▶ [Exercise]
Omitting the pictures, print every line below exactly as it stands.

▶ [Data excerpt]
--- --- ---
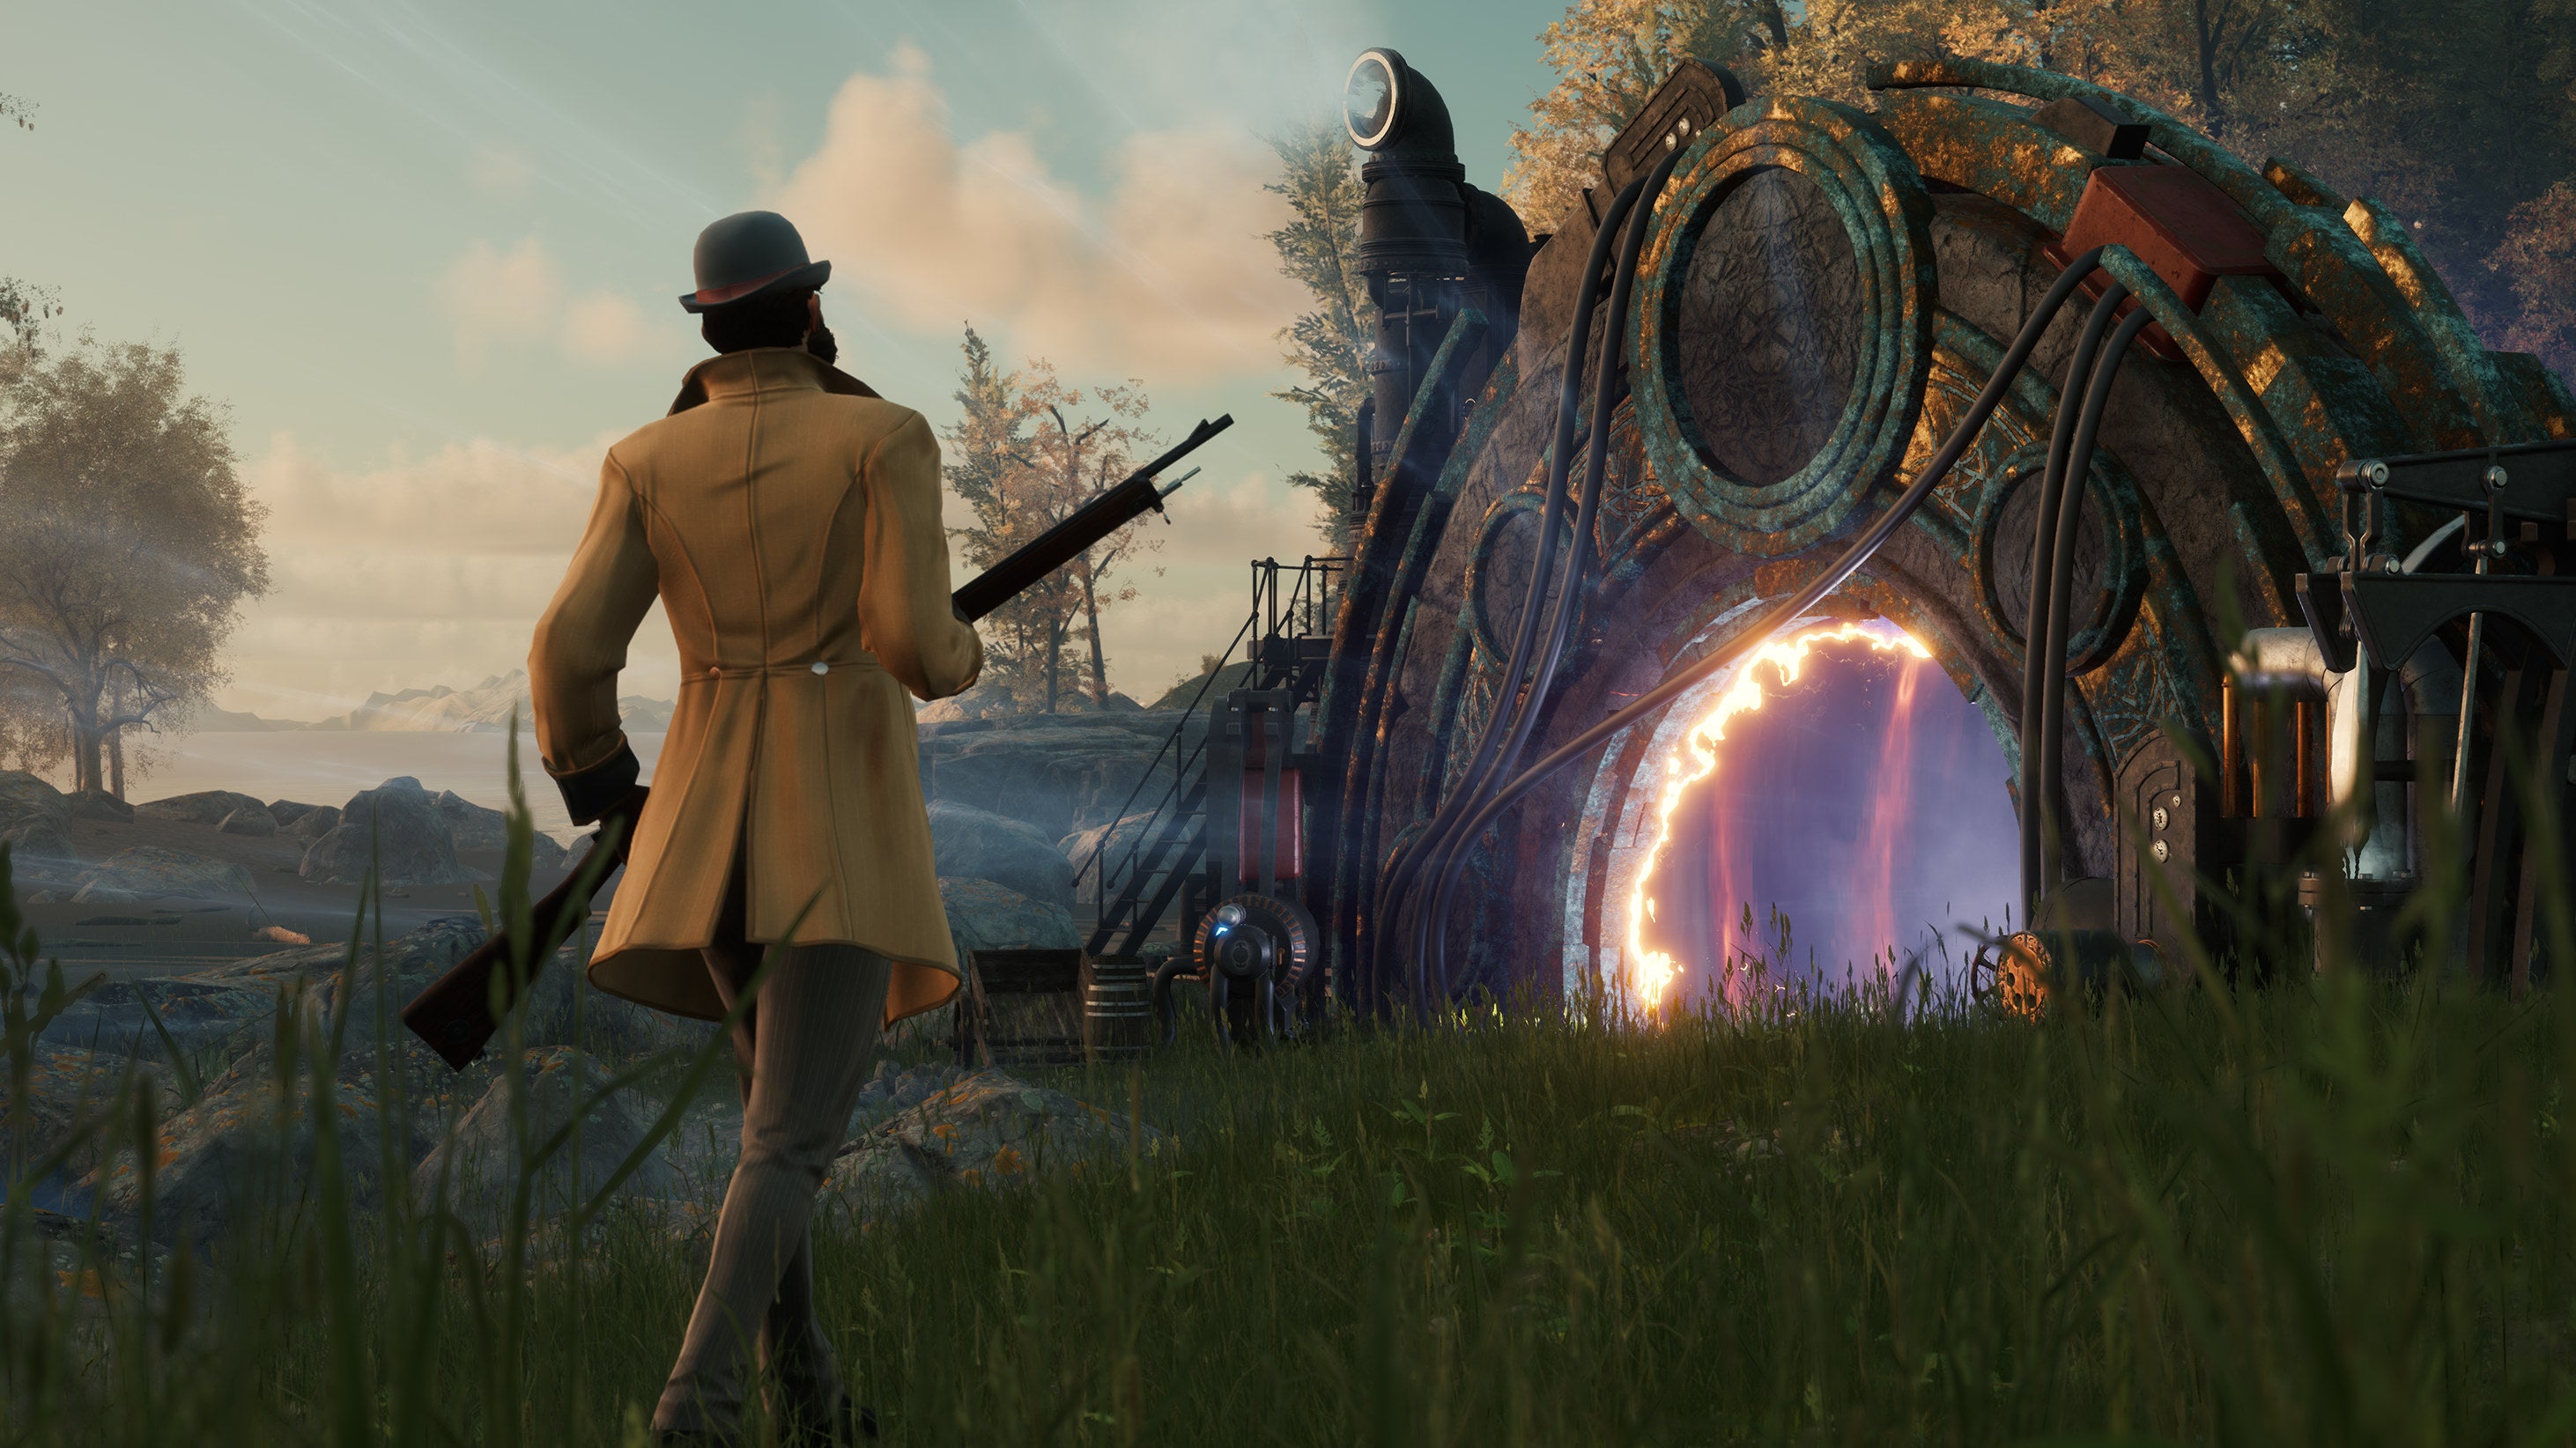 The new frontier in a Nightingale screenshot.
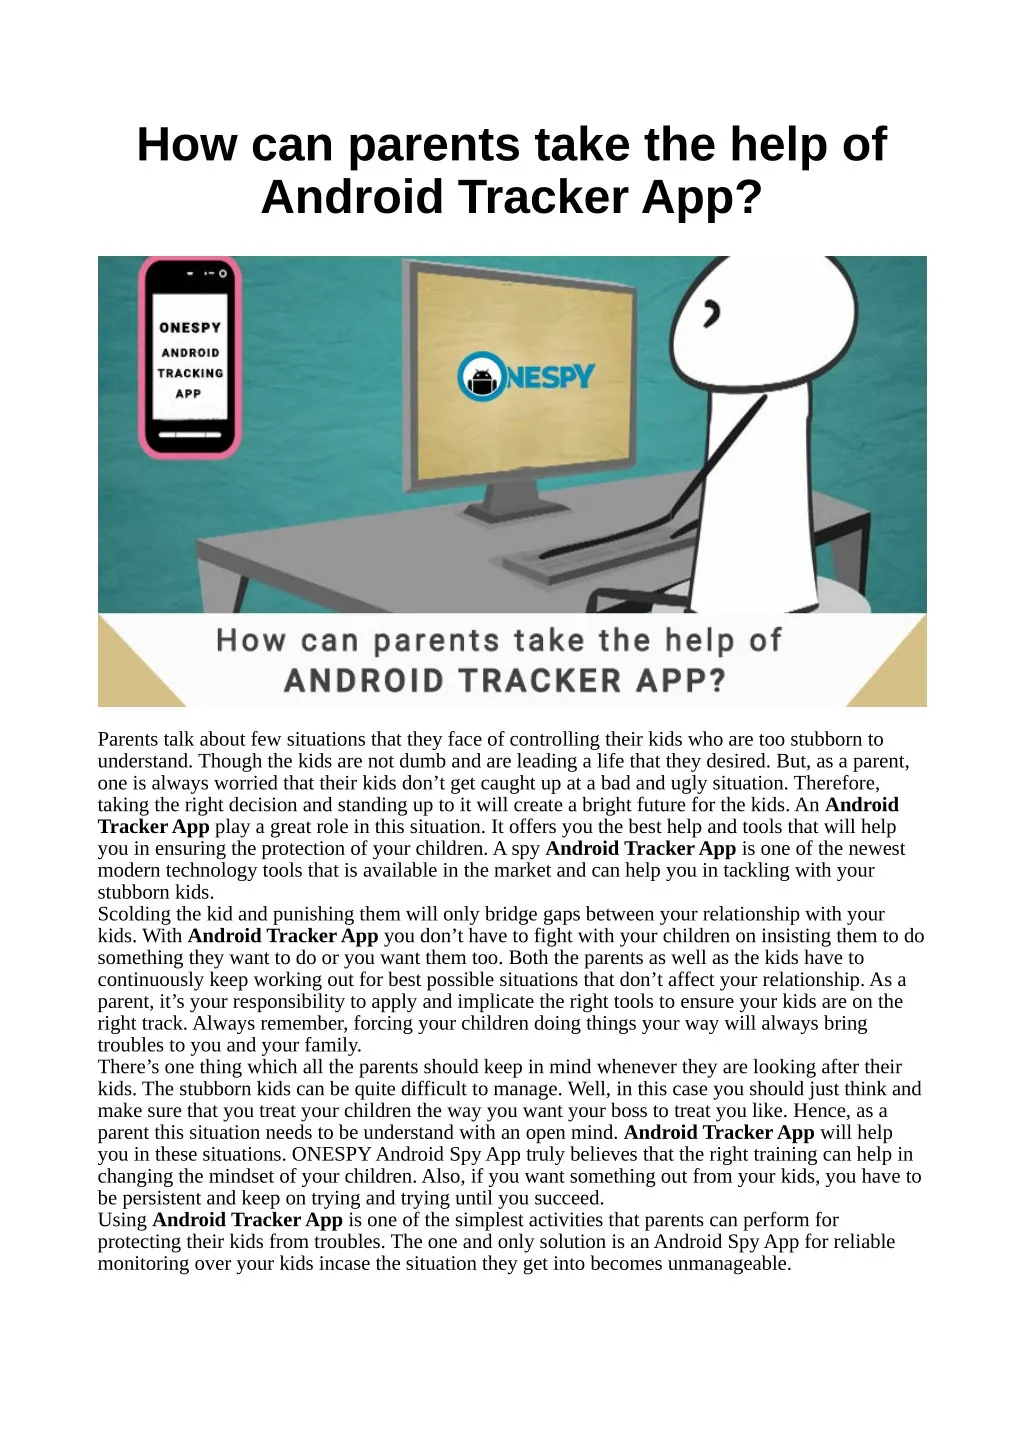 how can parents take the help of android tracker
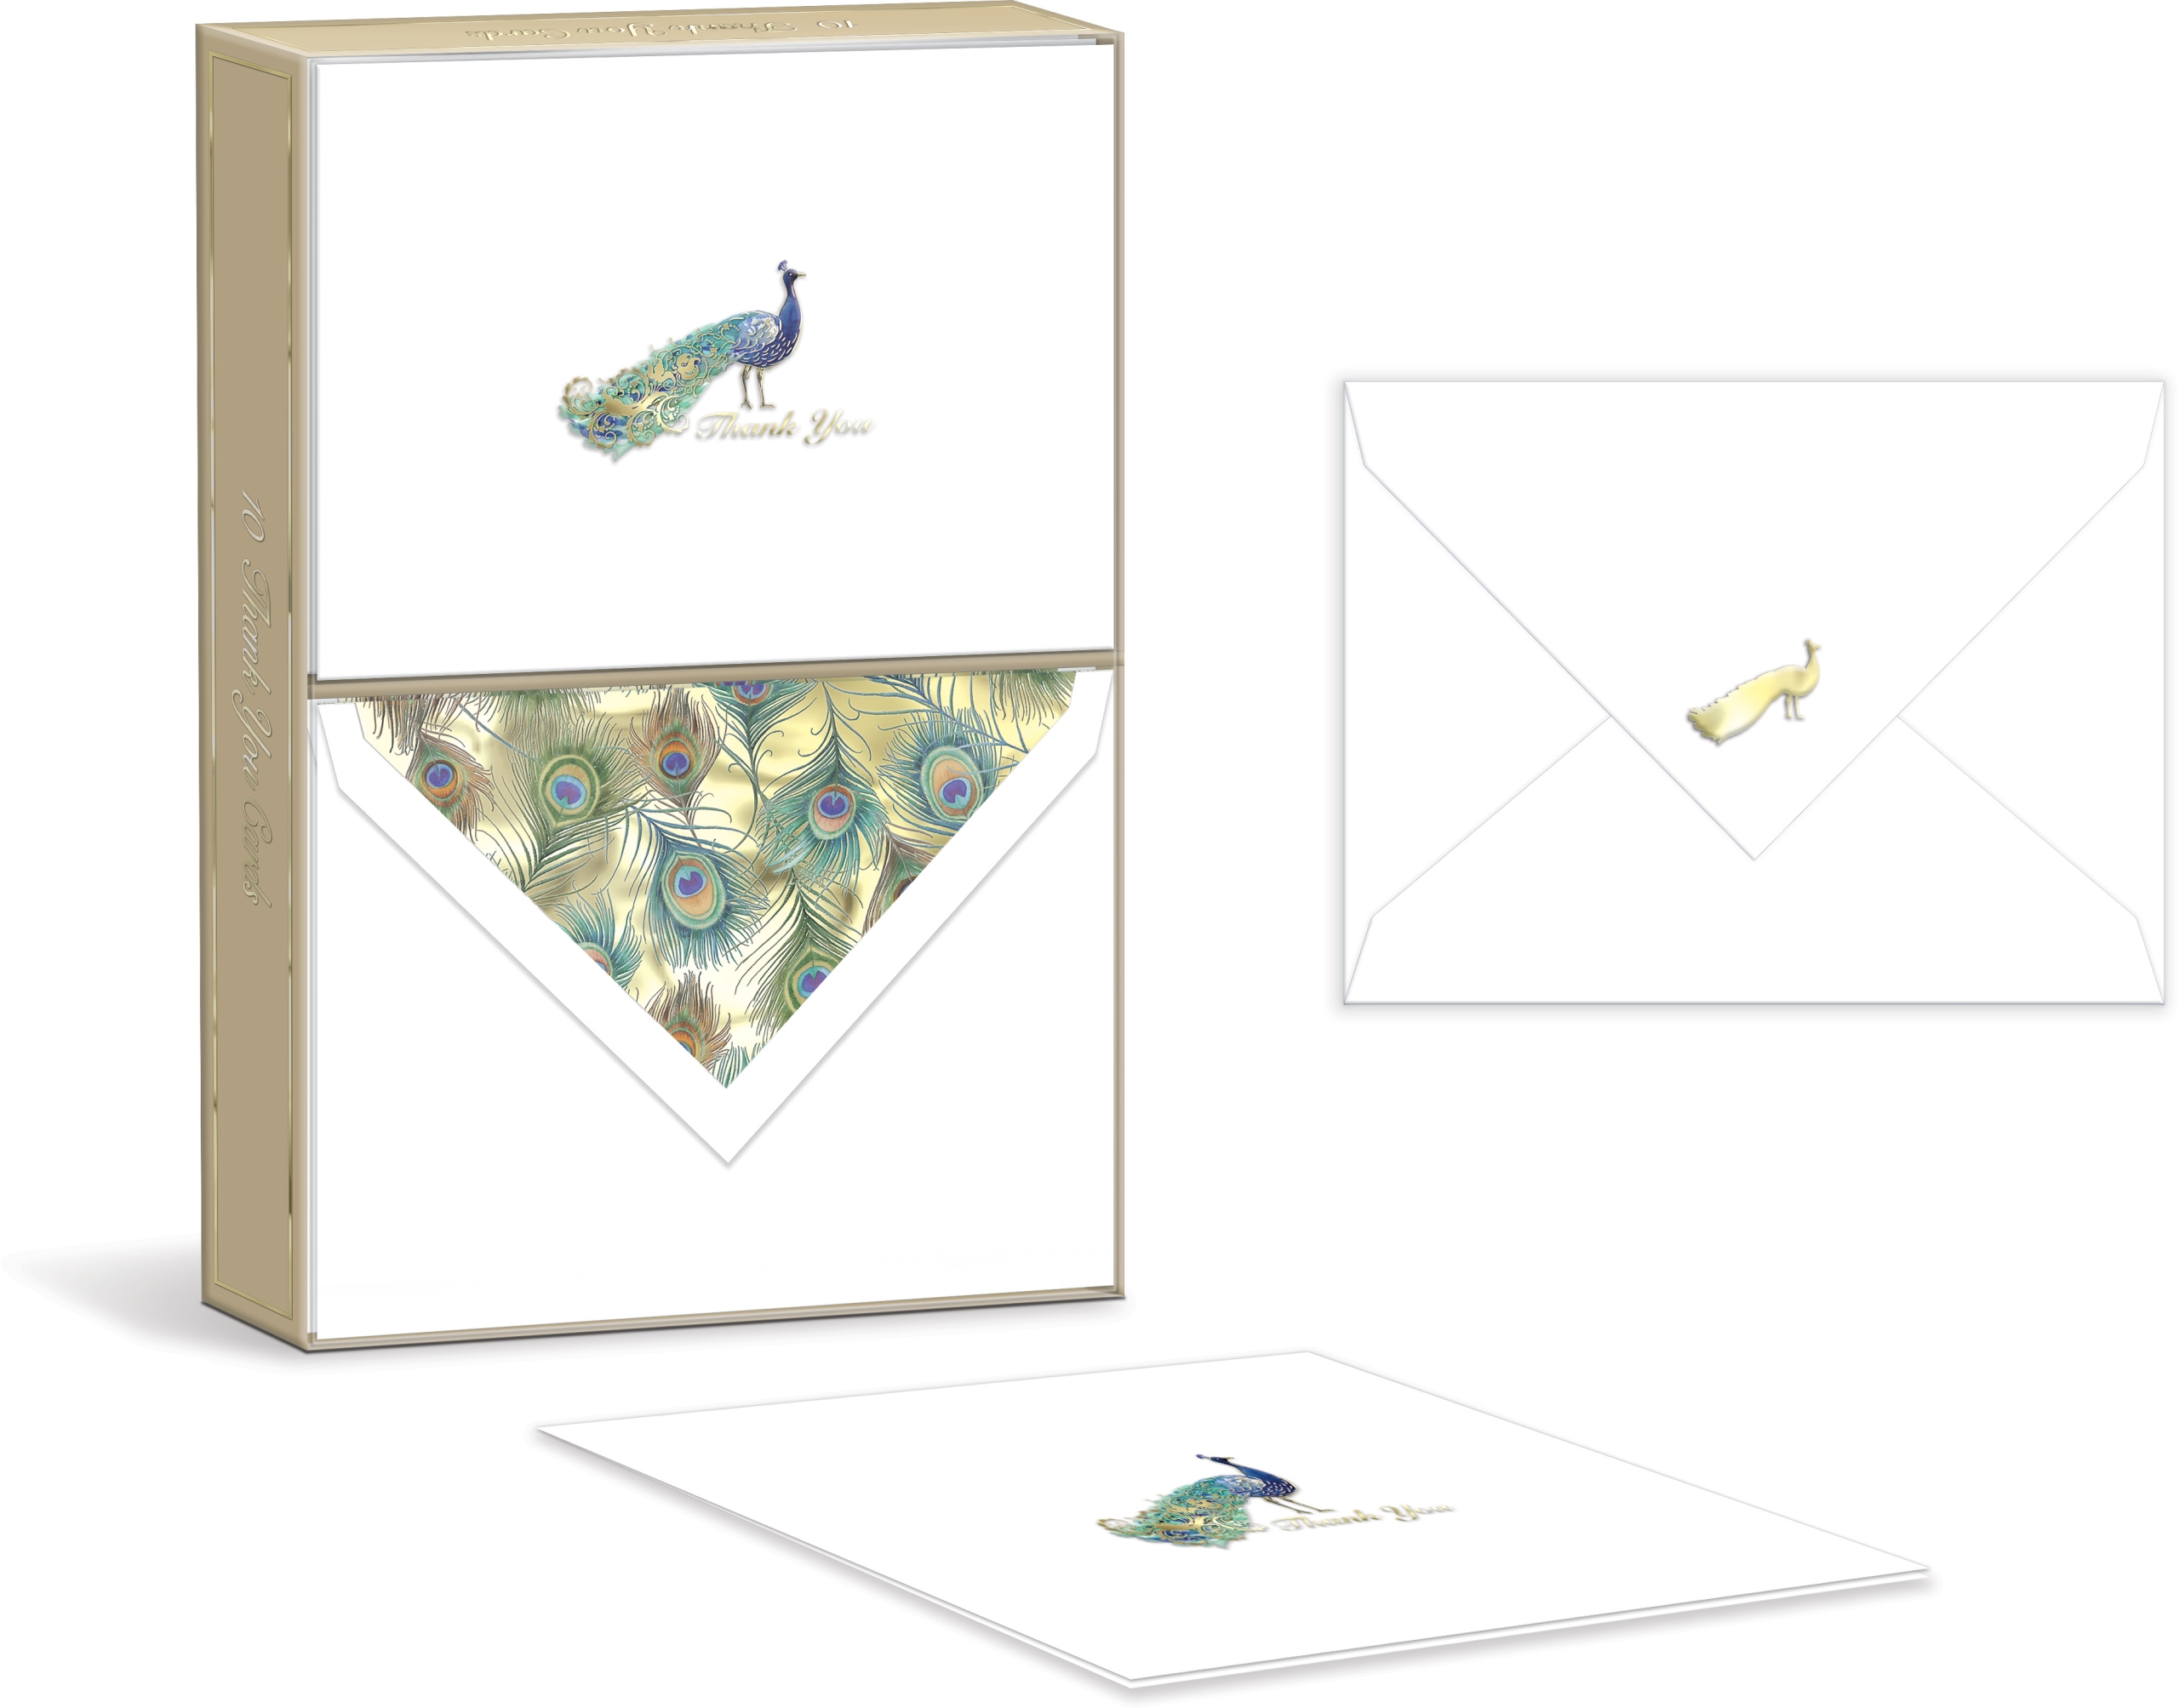 12 Notes Cards 56974 Punch Studio Greeting Cards in Keepsake Box Peacock
--- --- ---
▶ [Task solution]
 The new frontier in a Nightingale screenshot.
 how can parents take the help of android tracker
 12 Notes Cards 56974 Punch Studio Greeting Cards in Keepsake Box Peacock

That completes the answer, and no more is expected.